Segment Open
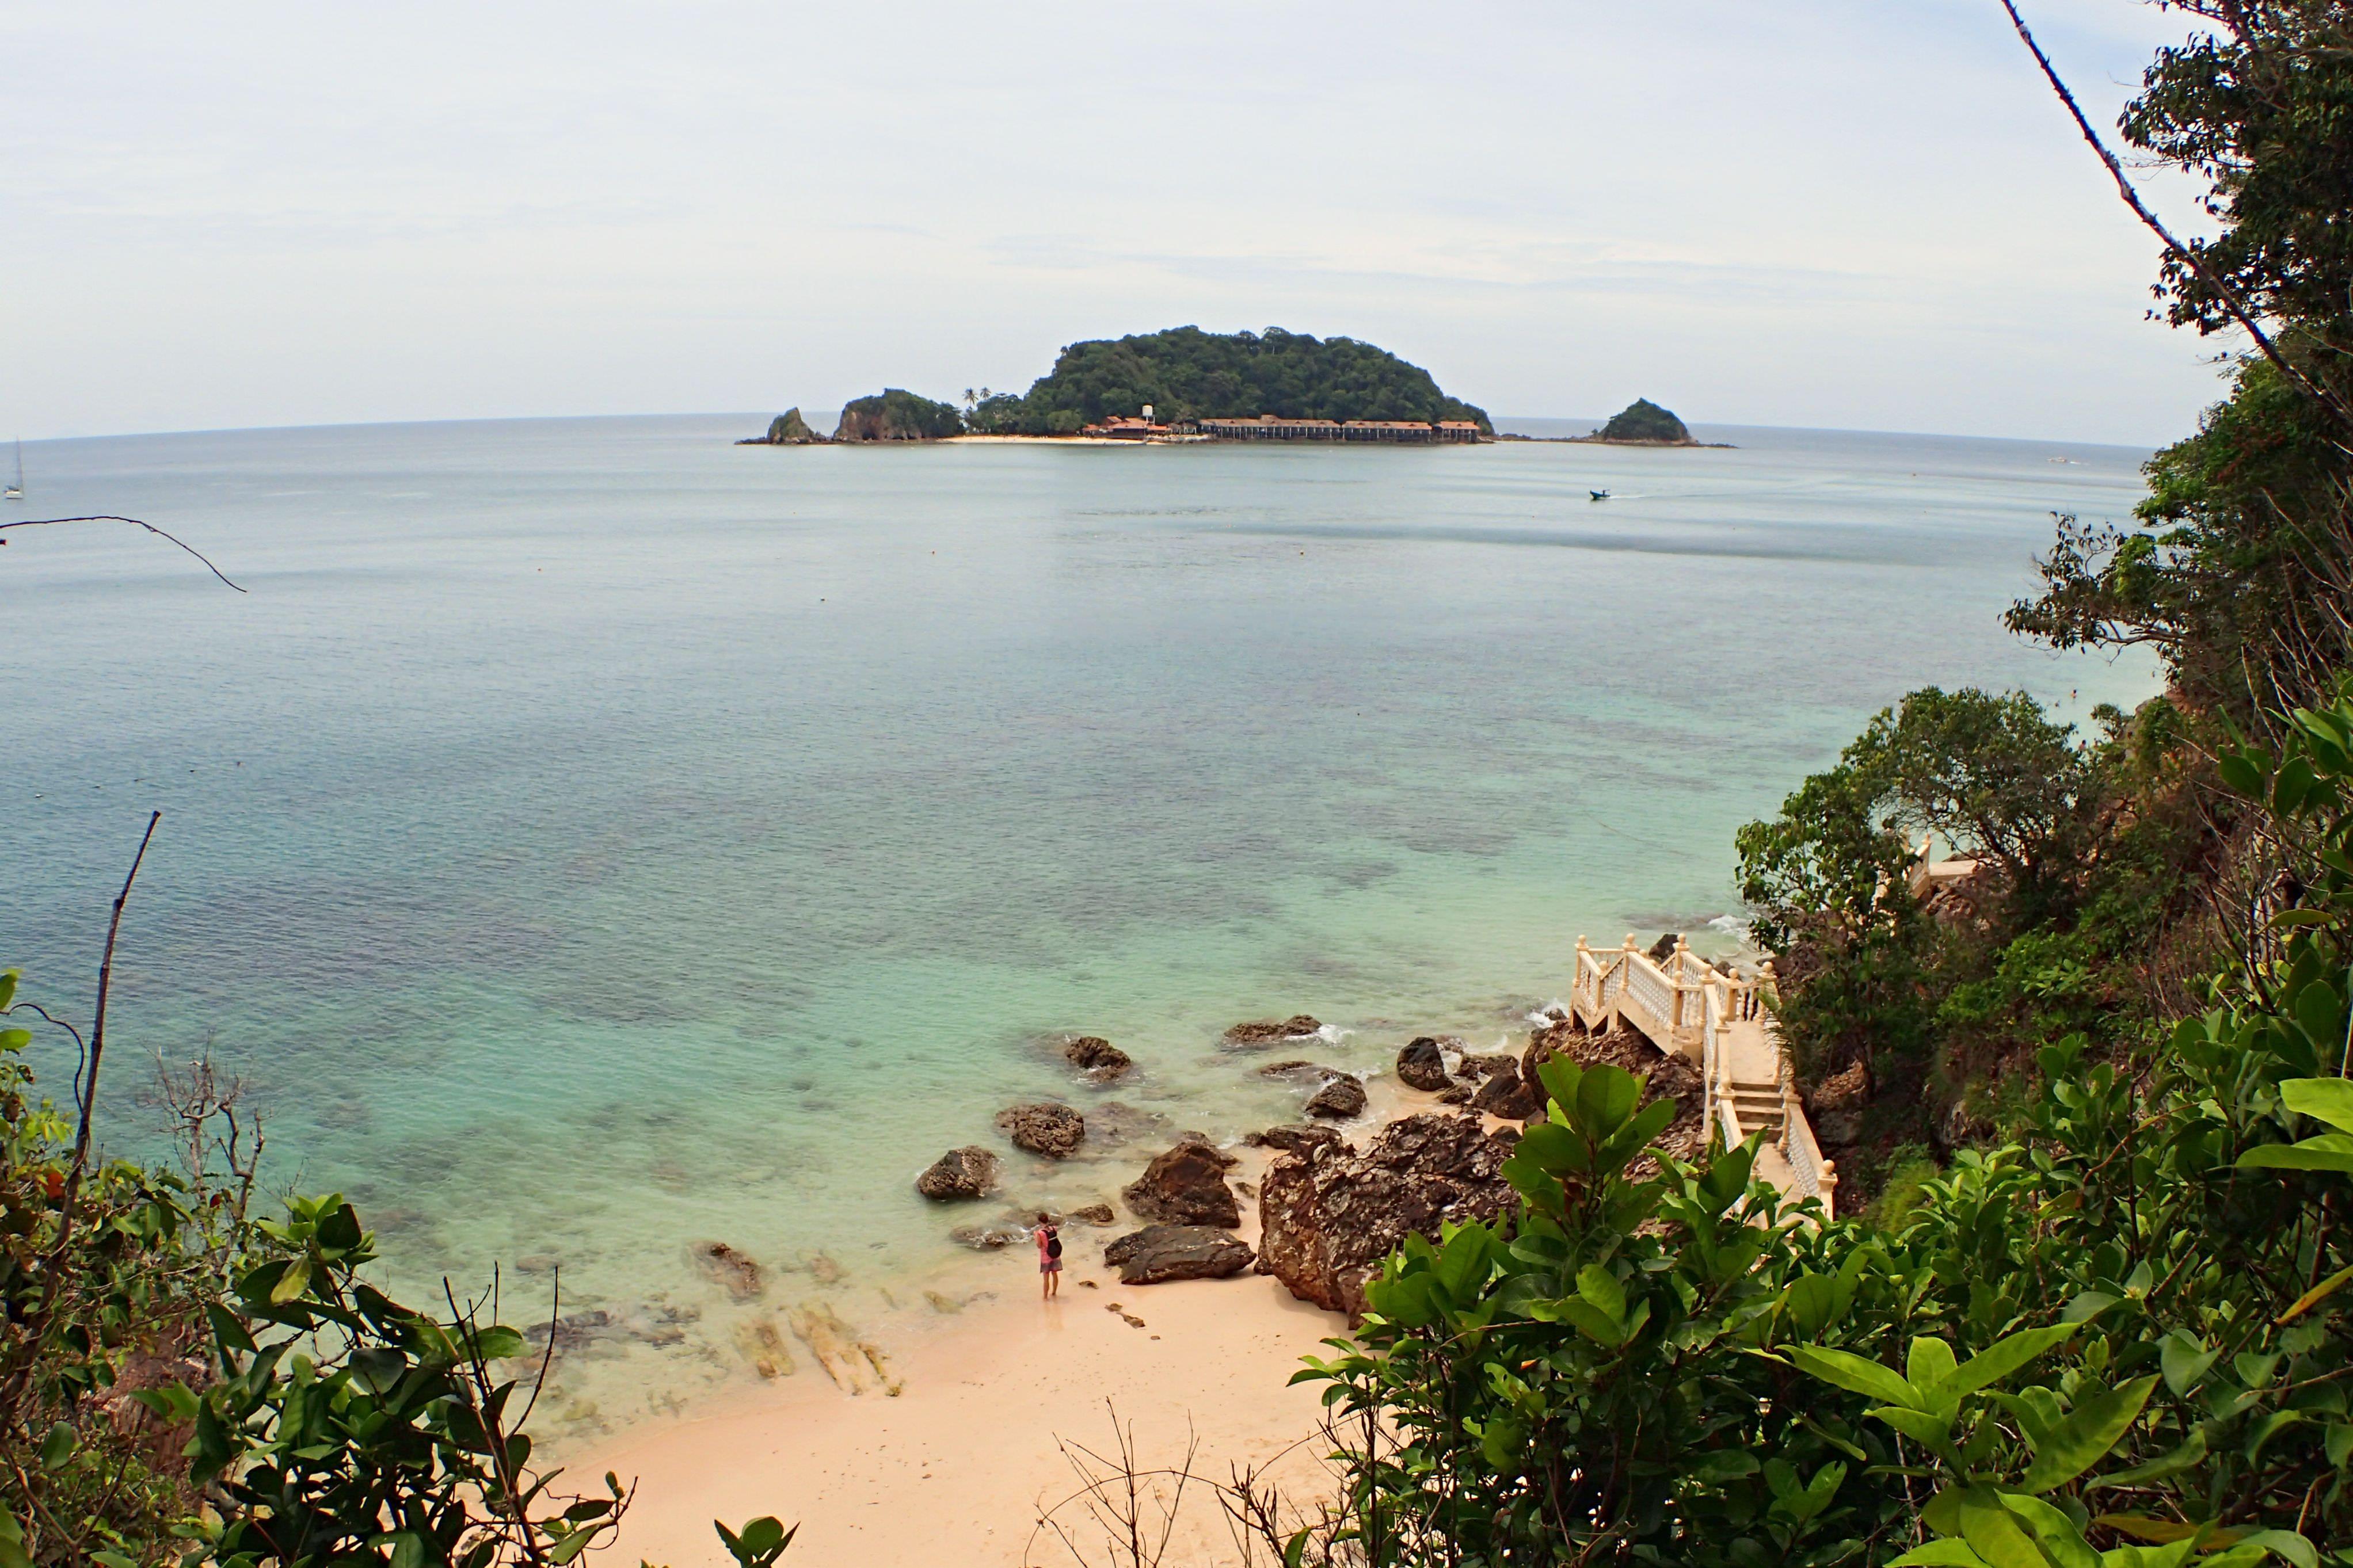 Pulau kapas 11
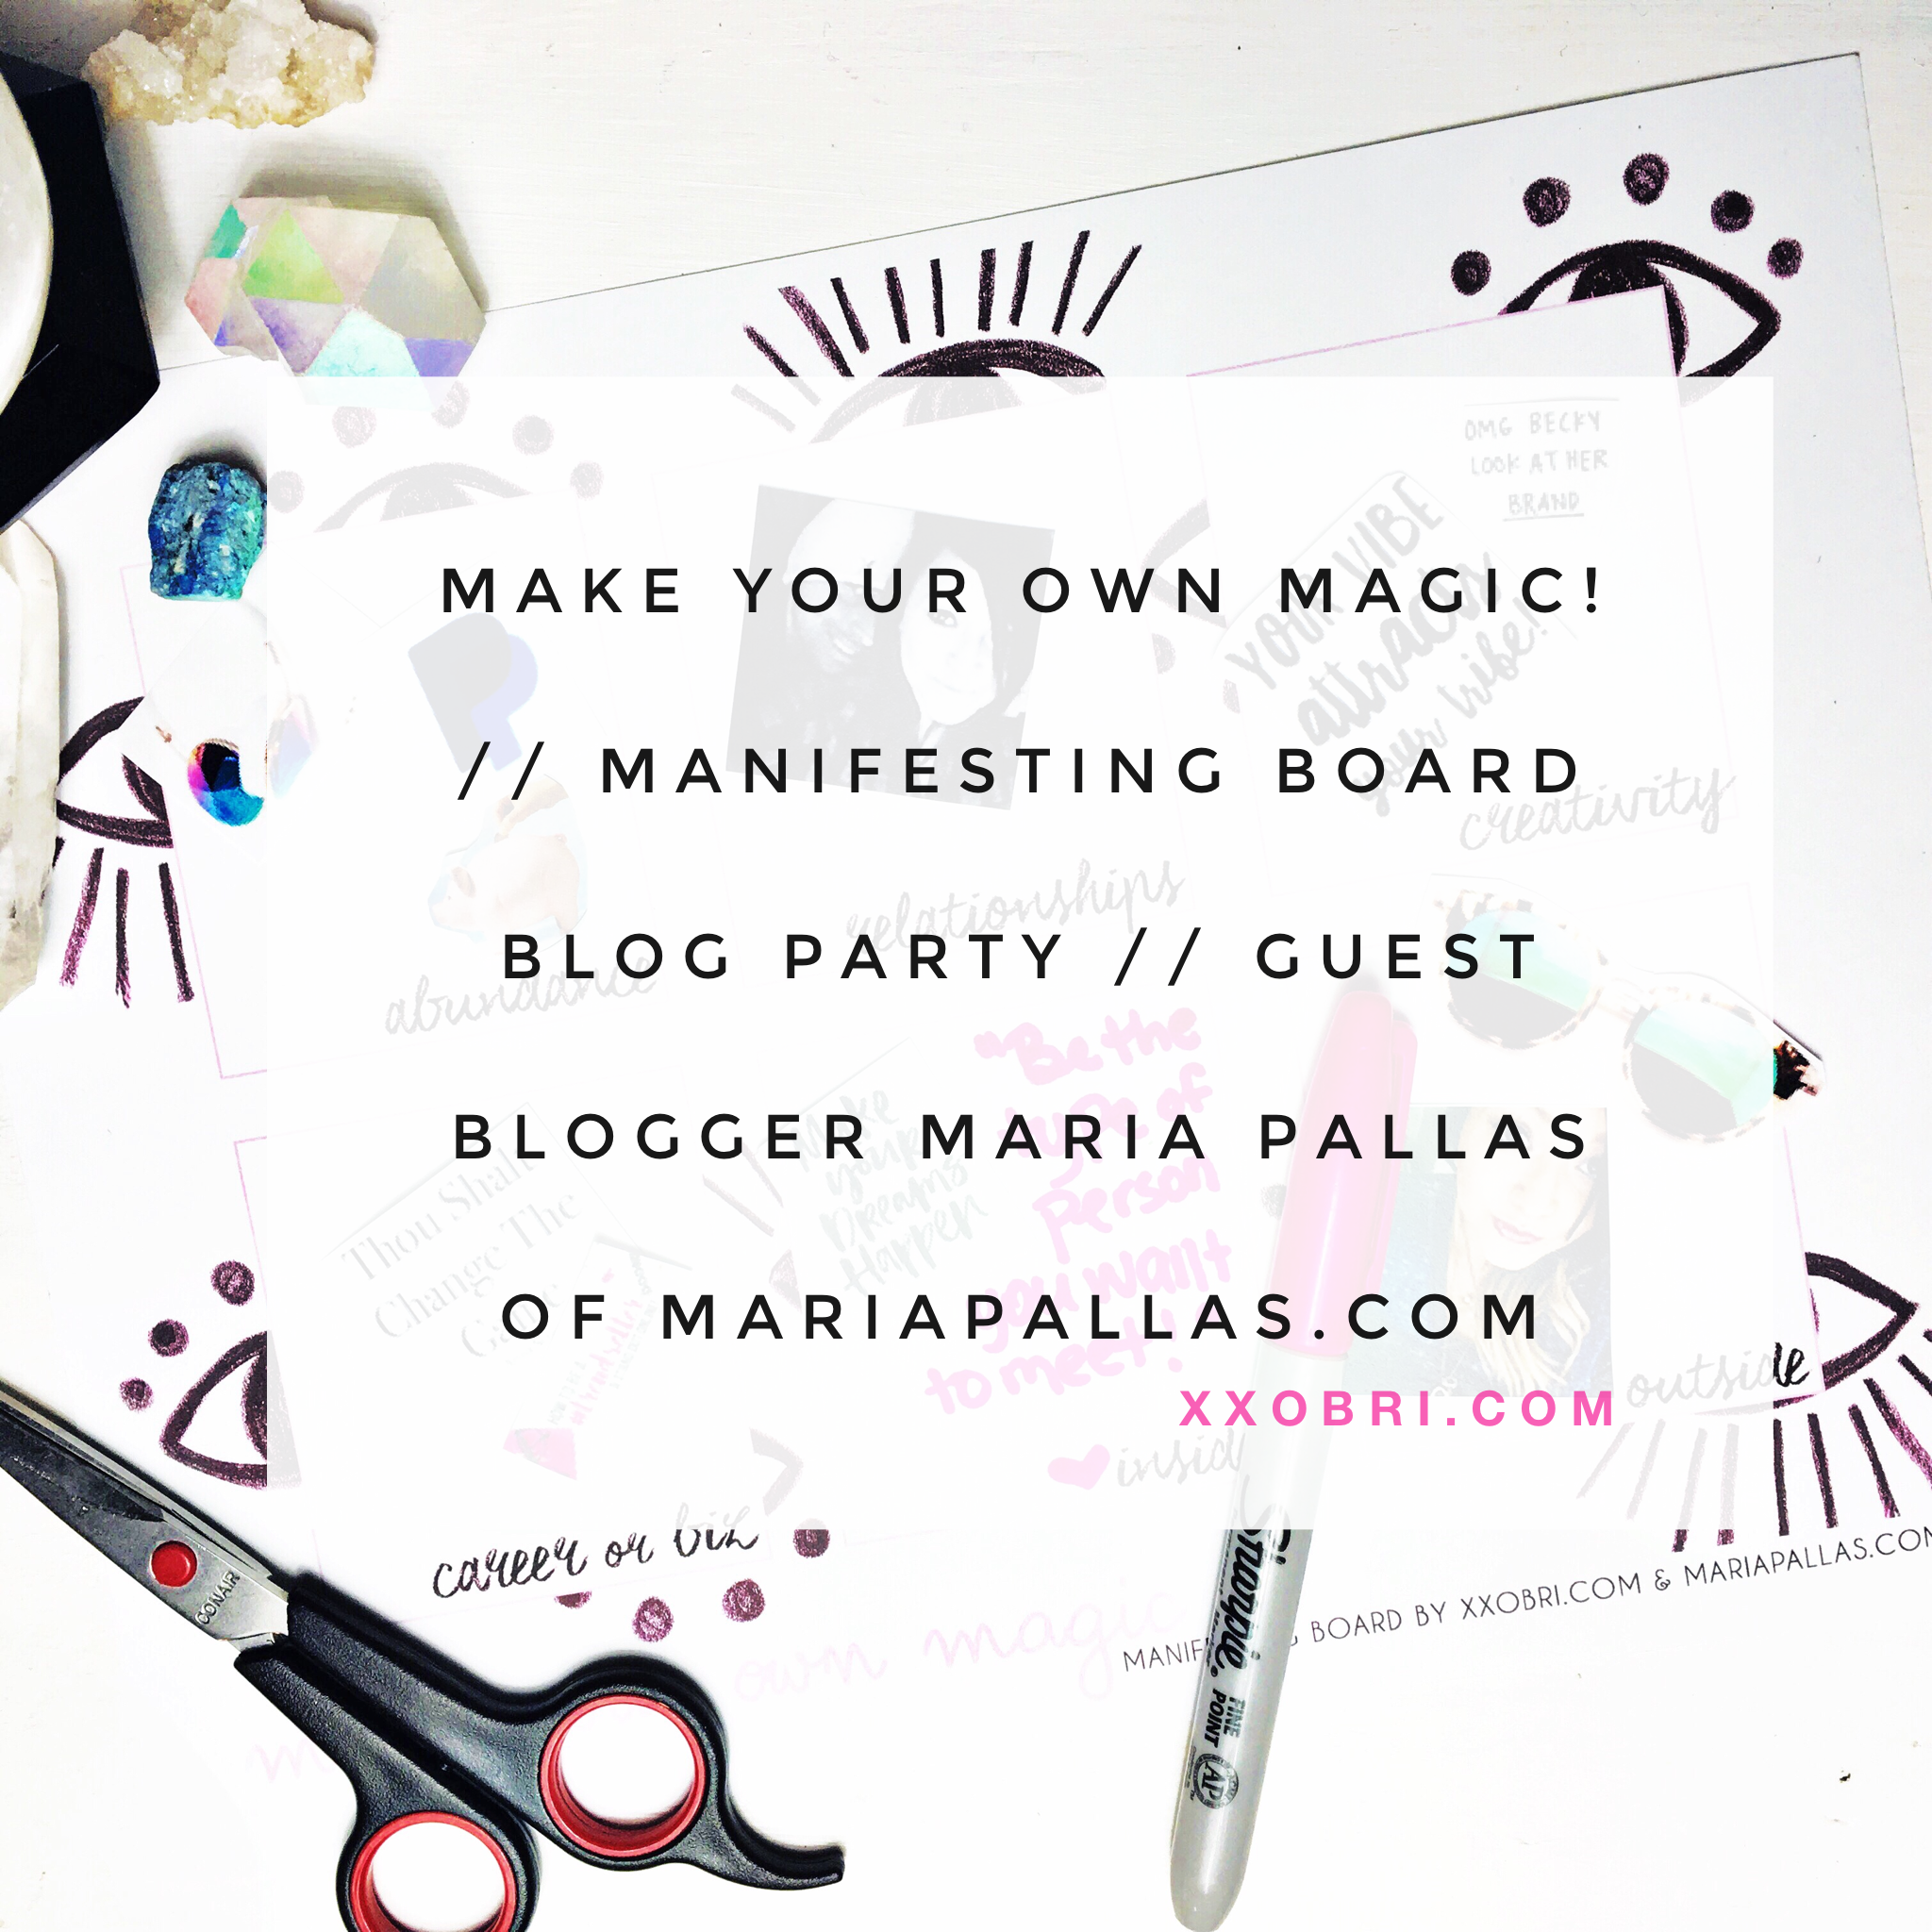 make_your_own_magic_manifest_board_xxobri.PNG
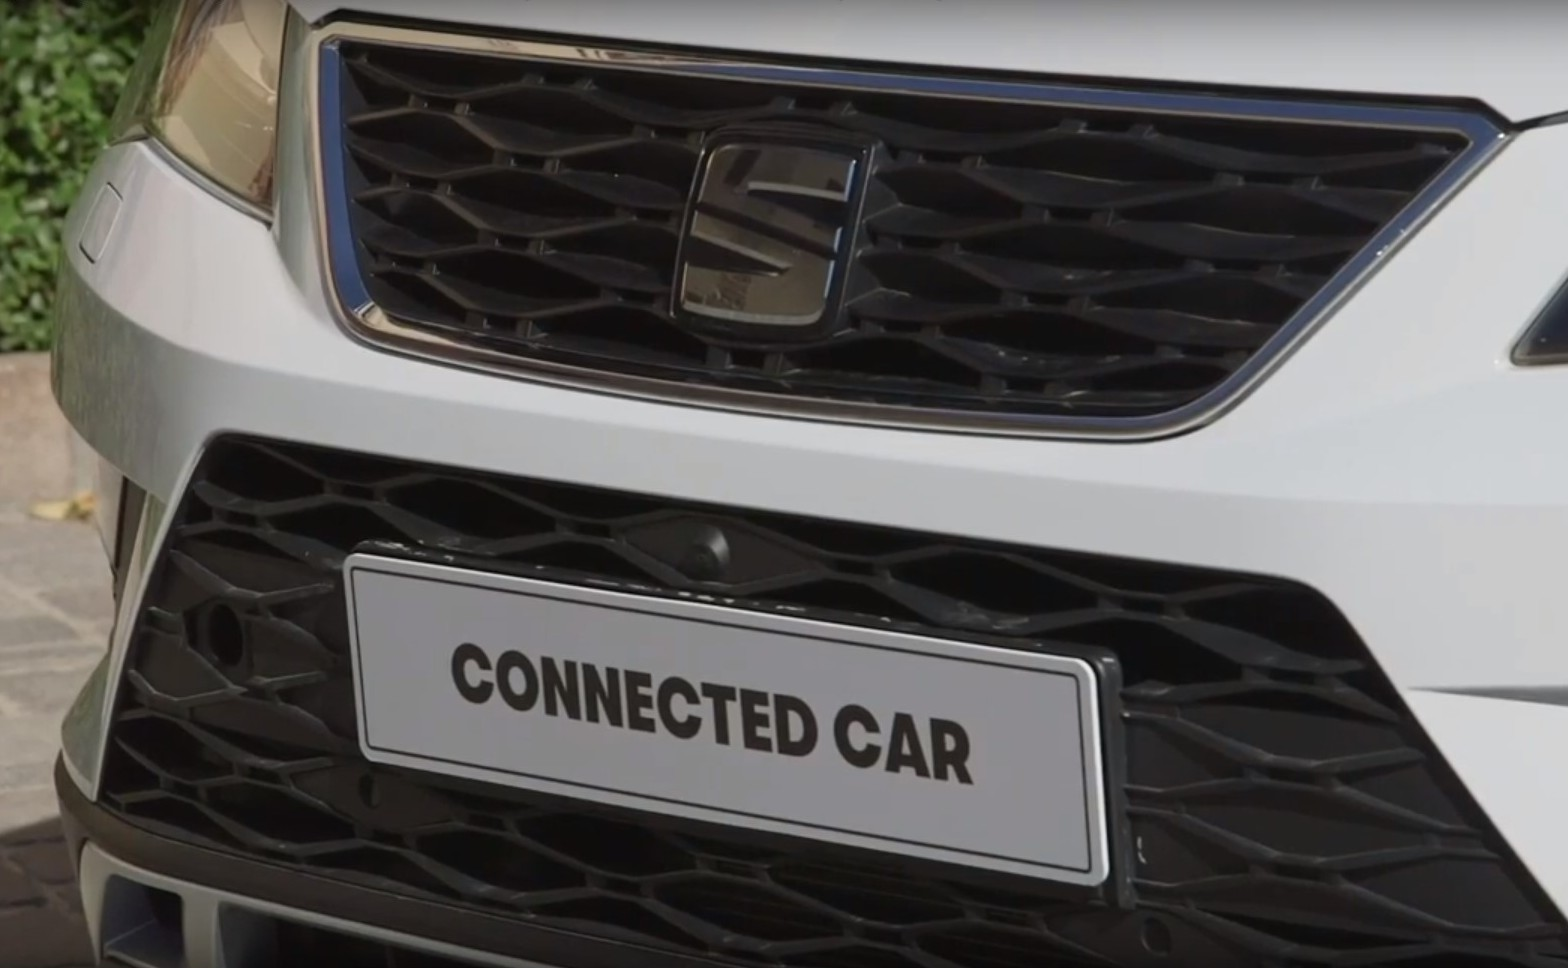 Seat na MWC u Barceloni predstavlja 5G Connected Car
Segment Closed
** TO DO **
Repeat verbatim all the material, but not the pictures.

** ANSWER FOR THIS EXERCISE **
 Pulau kapas 11
 make_your_own_magic_manifest_board_xxobri.PNG
 Seat na MWC u Barceloni predstavlja 5G Connected Car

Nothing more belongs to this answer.